C Language Compilation whole process "Go"
http://www.linuxdiyf.com/viewarticle.php?id=175655
The concept of compiling: The compiler reads the source program (character stream), performs lexical and syntactic analysis, translates the high-level language instruction into functionally equivalent assembly code, and then translates the assembler into machine language, and the executable program is delivered as the operating system's requirements for the file format.
Complete process of compilation: C source Program--pre-compile processing (. c)--compile, optimize (. s,. asm)---assembler (. obj,. O,. A,. ko)--linker (. exe,. Elf,. AXF, etc.)
1. Compilation preprocessing
Read the C source program, processing the pseudo-directives (instructions with # beginning with #) and special symbols
The pseudo-directive mainly includes the following four aspects:
(1) macro definition directives, such as # define Name tokenstring, #undef等.
For the previous pseudo-directive, the precompilation is to replace all the name in the program with Tokenstring, but the name as a string constant is not replaced. For the latter, the definition of a macro is canceled so that subsequent occurrences of the string are no longer replaced.
(2) Conditional compilation instructions, such as #ifdef, #ifndef, #else, #elif, #endif等.
The introduction of these pseudo-directives allows programmers to define different macros to determine which code is processed by the compiler. The precompiled program will filter out unnecessary code according to the relevant files.
(3) header file contains directives, such as # include "FileName" or # include such as
In a header file, a large number of macros (the most common character constants) are defined with a pseudo-directive # define, along with declarations of various external symbols.
The main purpose of the header file is to make certain definitions available to a number of different C source programs. Because in a C source program that needs to use these definitions, you can simply add an # include statement instead of repeating the definitions in this file again. The precompiled program adds all the definitions in the head file to the output file it produces for processing by the compiler.
Header files that are included in the C source program can be system-supplied, and these header files are typically placed in the/usr/include directory. In the program # include them to use angle brackets (<>). In addition, developers can also define their own header files, these files are generally in the same directory as the C source program, in this case, in the # include with double quotation marks ("").
(4) Special symbols, pre-compiled program can recognize some special symbols.
For example, the line identifier that appears in the source program is interpreted as the current row number (decimal number), and file is interpreted as the name of the currently compiled C source program. The precompiled program will replace the strings that appear in the source program with the appropriate values.
What the precompiled program accomplishes is basically an "override" of the source program. In this substitution, an output file with no macro definition, no conditional compilation instructions, and no special symbols is generated.
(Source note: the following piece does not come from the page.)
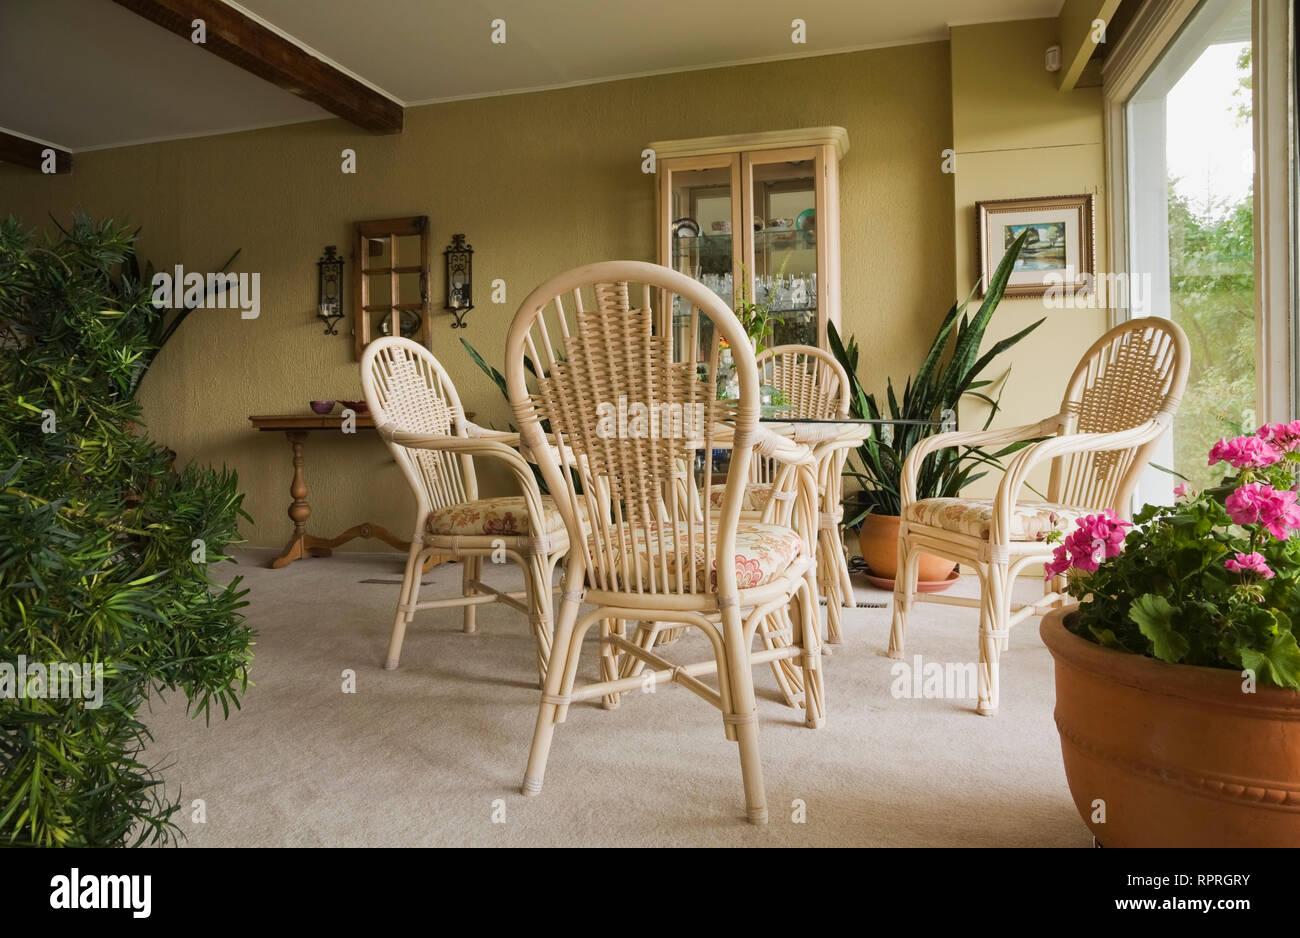 Table Chaises En Rotin Et Des Meubles Dans La Salle A Manger D Un Vieux Manoir Anglais Et Canadiana Style Cottage Accueil Photo Stock Alamy

The meaning of this file is the same as the source file without preprocessing, but the content is different. Next, the output file will be translated into machine instructions as the output of the compiler.
2. Compile and optimize the stage
There are only constants in the precompiled output file, such as numbers, strings, variable definitions, and C-language keywords such as main,if,else,for,while,{,}, +,-, *,\, and so on.
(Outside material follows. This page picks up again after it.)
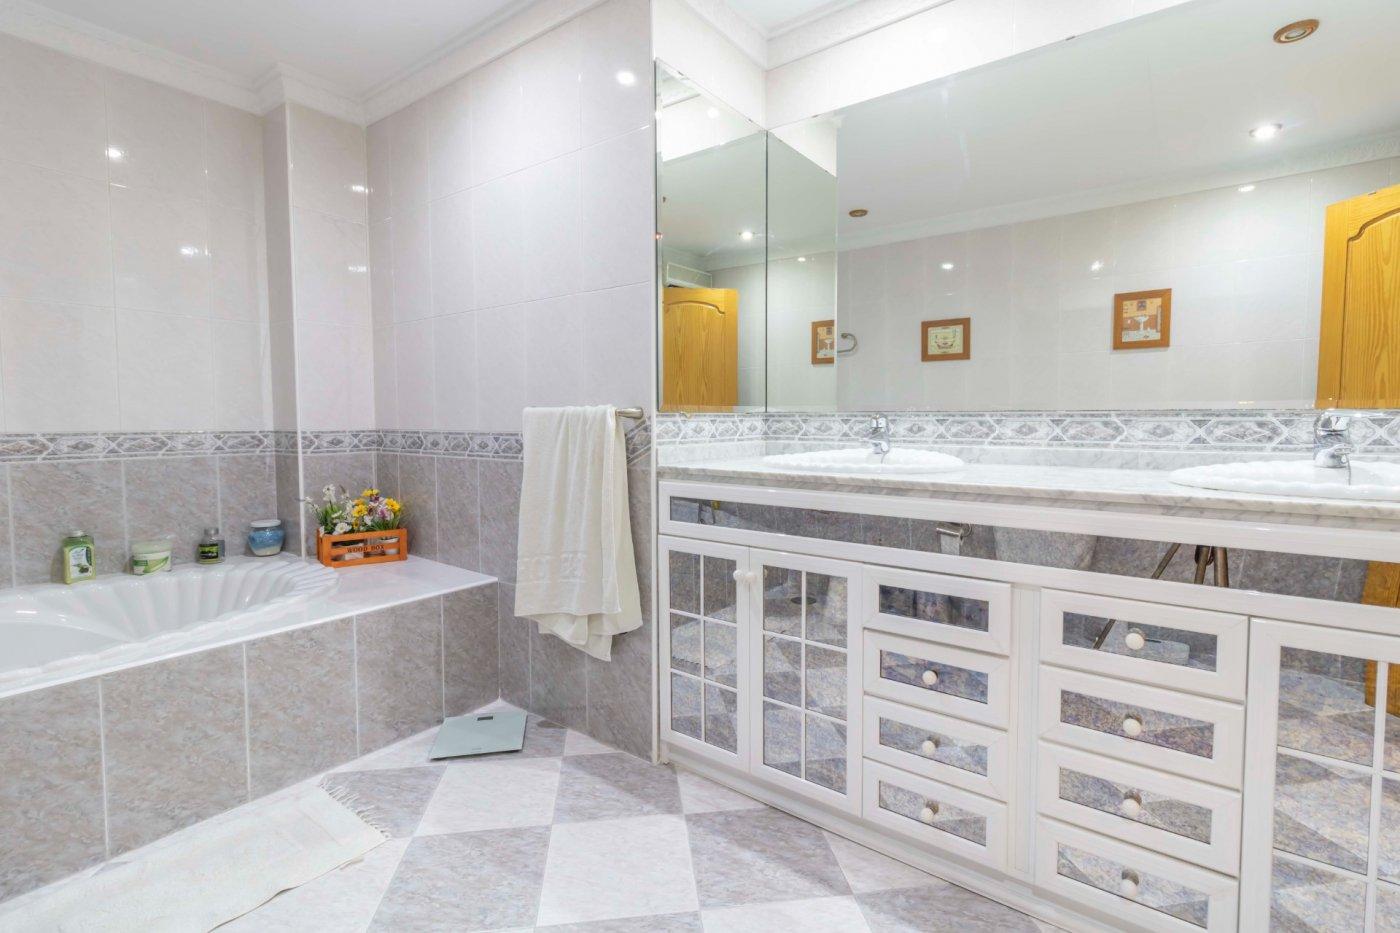 Casa a la venta en zona padre pÍo - imagenInmueble24

The compiler has to work through lexical analysis and parsing, after confirming that all instructions conform to grammatical rules, translate them into equivalent intermediate code representation or assembly code.
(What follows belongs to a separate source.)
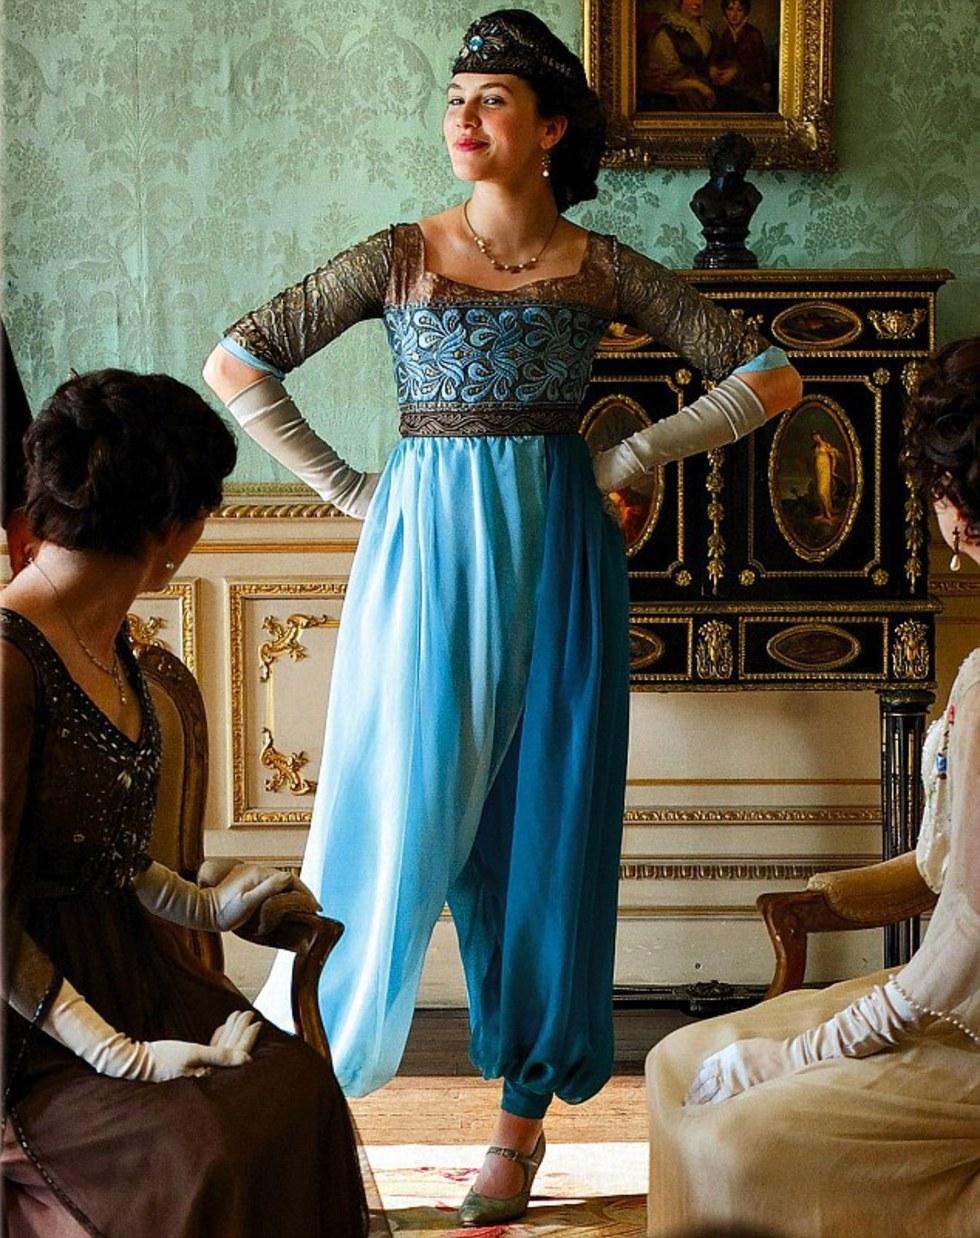 Lady Sybil rövid szereplése is tartogatott meglepetéseket

Optimization is a very difficult technology in the compilation system. It concerns not only the compiler technology itself, but also the hardware environment of the machine has a great relationship. Optimization is part of the optimization of the intermediate code. This optimization is not dependent on the specific computer. The other optimization is mainly for the generation of target code.
For the former optimization, the main work is to delete the common expressions, loop optimization (out-of-code, strength weakening, transformation loop control conditions, known amount of consolidation, etc.), replication propagation, and deletion of useless assignments, and so on.
The latter type of optimization is closely related to the hardware structure of the machine, and the most important consideration is how to make full use of the values of the variables stored in each hardware register of the machine to reduce the number of accesses to memory. In addition, how to carry out instructions according to the characteristics of the machine hardware (such as pipelining, RISC, CISC, VLIW, etc.) and some of the instructions to make the target code is relatively short, the efficiency of execution is relatively high, is also an important research topic.
The optimized assembly code must be translated into the appropriate machine instructions by the assembler assembly, which may be executed by the machine.
3. Compilation process
The assembler process actually refers to the process of translating assembly language code into a target machine instruction. For each C language source process that is processed by the translation system, it will eventually get the corresponding target file through this processing. A machine language code that is stored in the target file, which is the target equivalent to the source program.
The destination file consists of segments. Typically there are at least two segments in a target file:
Code snippet: This paragraph contains mainly the instructions of the program. The paragraph is generally readable and executable, but is generally not writable.
Data segment: A variety of global variables or static data to be used in the main storage program. General data segments are readable, writable, and executable.
There are three main types of target files in the UNIX environment:
(1) relocatable files
It contains code and data that is appropriate for other target file links to create an executable or shared target file.
(2) Shared target file
This file holds code and data that are appropriate for linking in both contexts.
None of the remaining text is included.